E’ evidente che quanto è stato attuato finora non solo non è riuscito a ottenere le promesse riduzioni dei prezzi, a migliorare l’accesso ai servizi e la loro qualità e a porre fine ai monopoli; al contrario, è invece servito ad aggravare la disoccupazione provocata dalle ristrutturazioni e dalle fusioni operate in questi settori e la perdita della sovranità dello Stato in settori strategici.

La relazione, sebbene affermi di cercare di contrastare le posizioni dominanti e i monopoli, accetta gli orientamenti della relazione della Commissione per il 2004, che si incentra sull’energia e le telecomunicazioni, e ribadisce nuovamente la richiesta di liberalizzare completamente il settore del gas e dell’elettricità, obiettivo questo che costituisce una priorità per il Consiglio di primavera del marzo 2006.

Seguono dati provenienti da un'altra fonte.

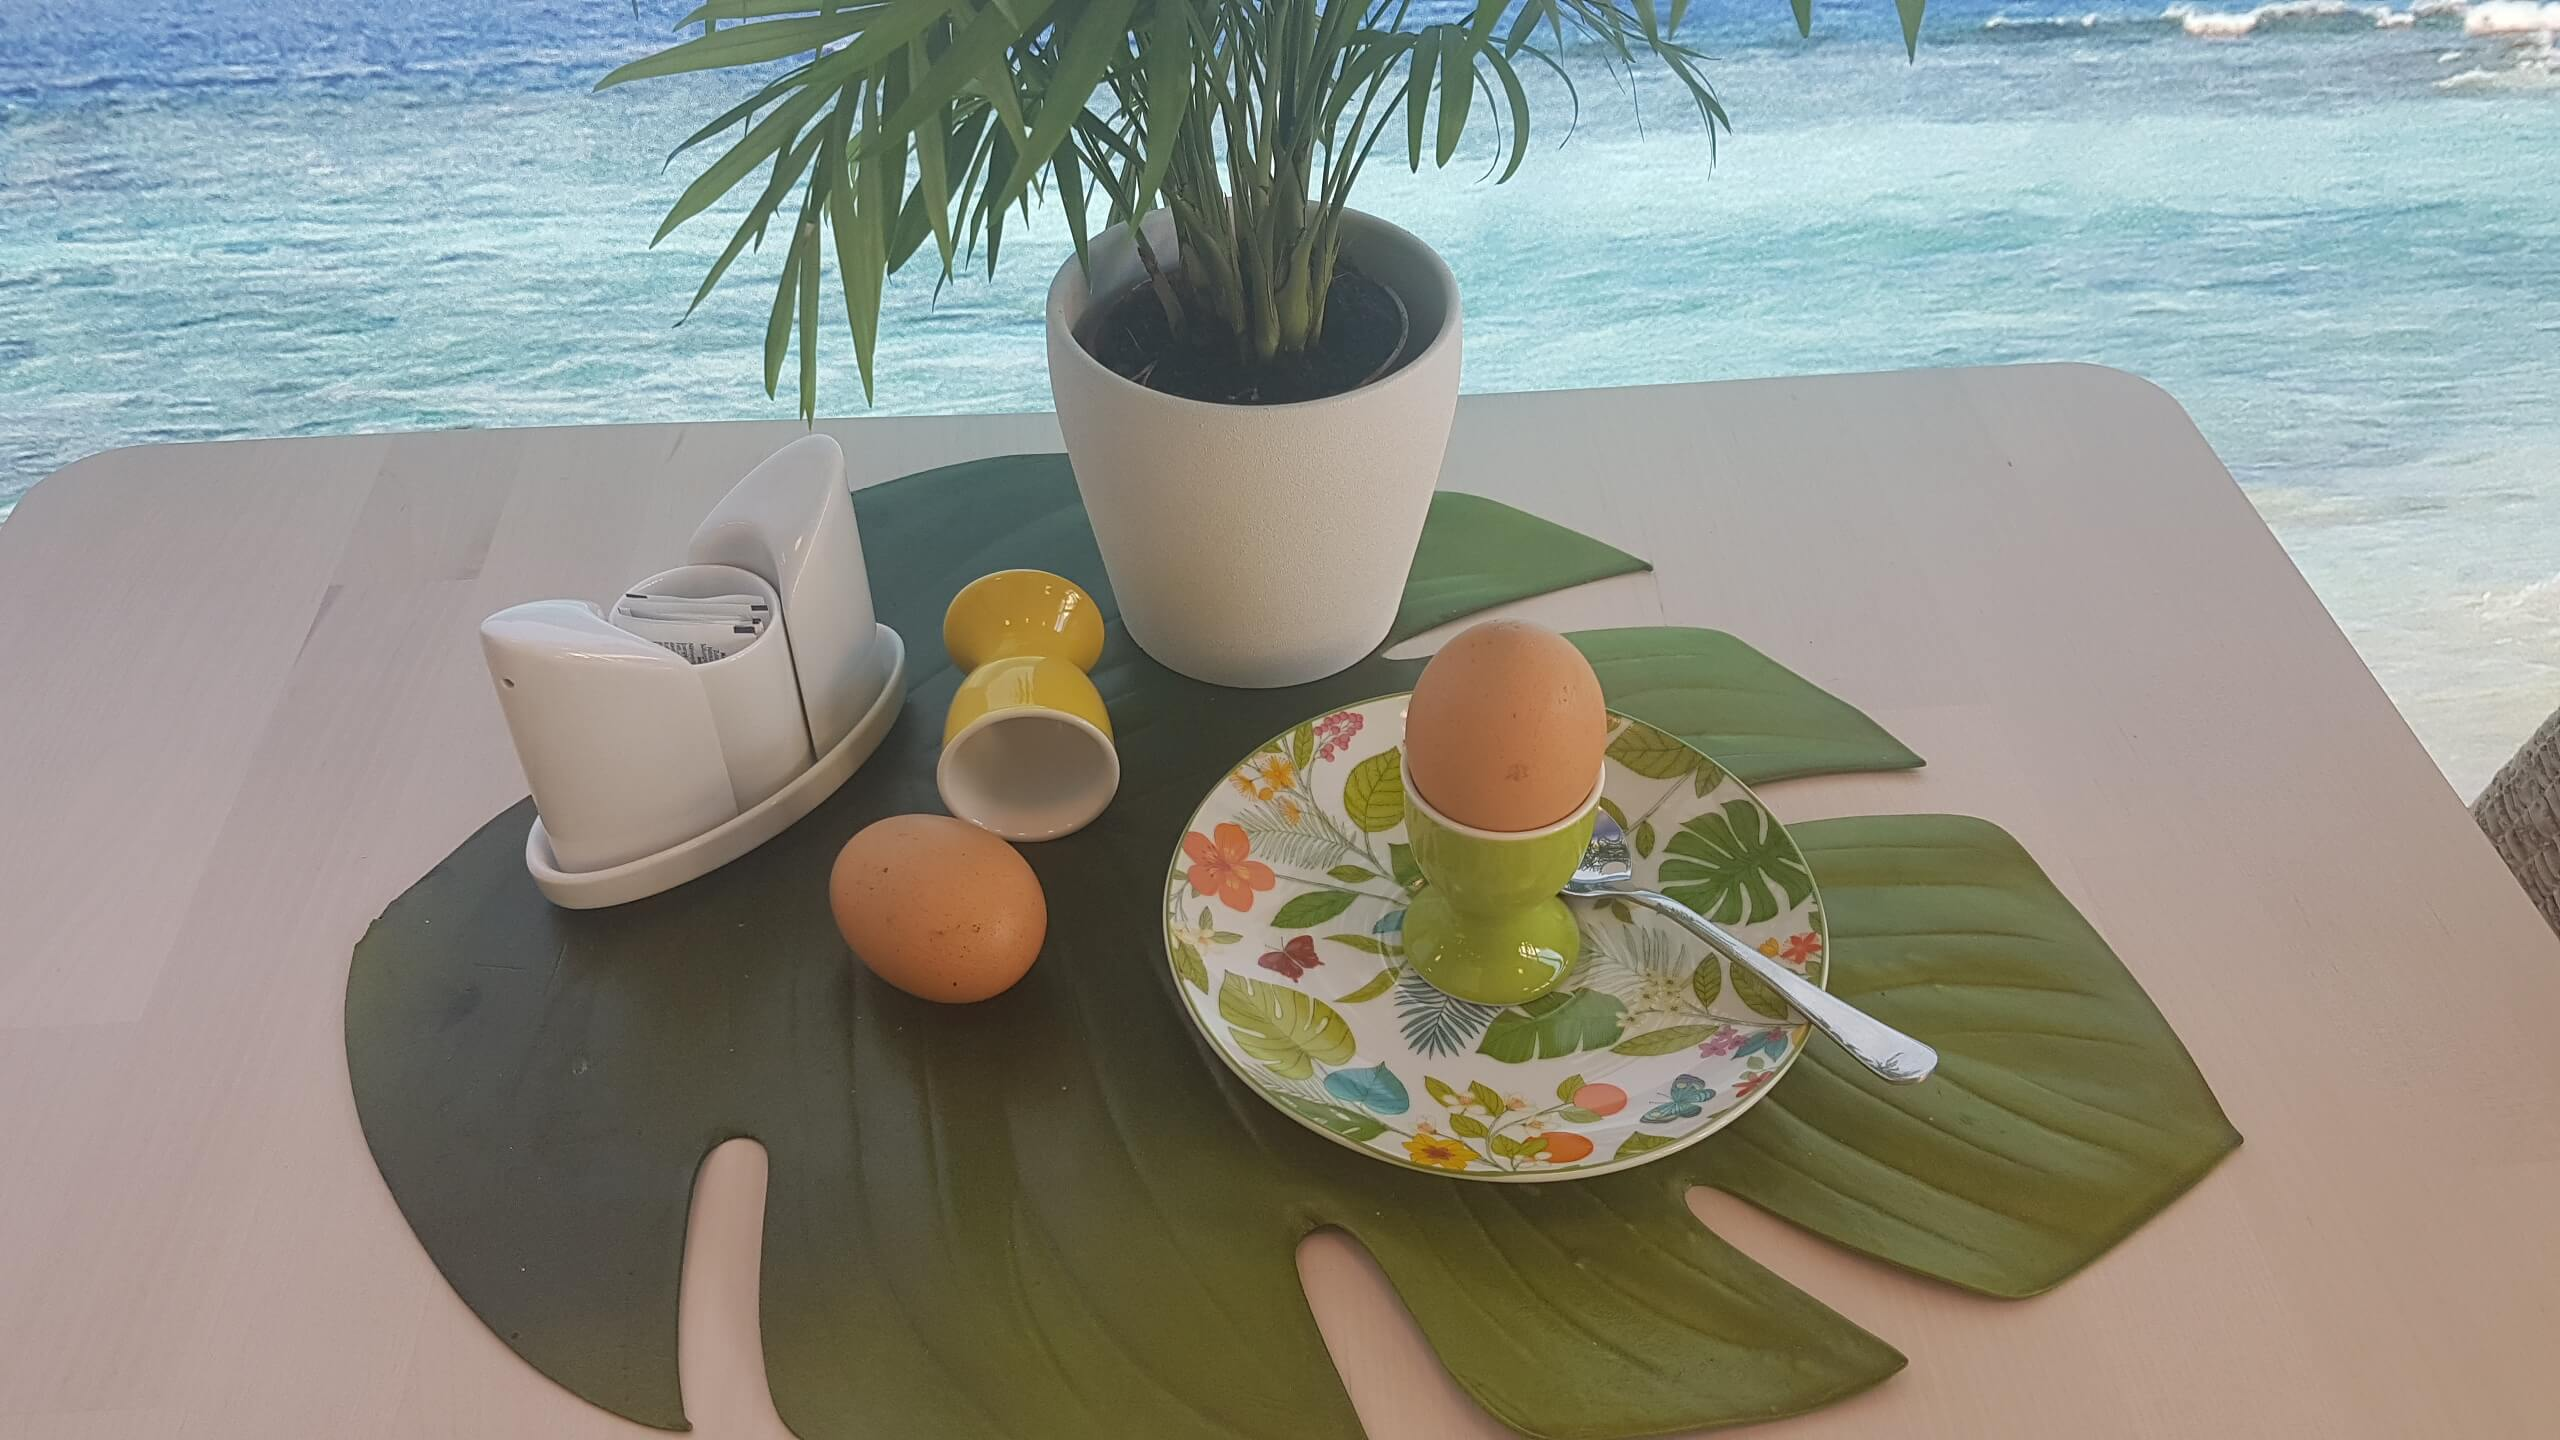 einfaches Ei Freilandhaltung Cafe Yellowbrasil

Inoltre, nel settore delle telecomunicazioni, che è già stato piuttosto liberalizzato, si pone l’accento sulla concorrenza nel settore a banda larga e sull’internazionalizzazione della produzione, il che agevolerà ulteriormente la rilocalizzazione della produzione o di parti della catena produttiva.

Abbiamo pertanto votato contro.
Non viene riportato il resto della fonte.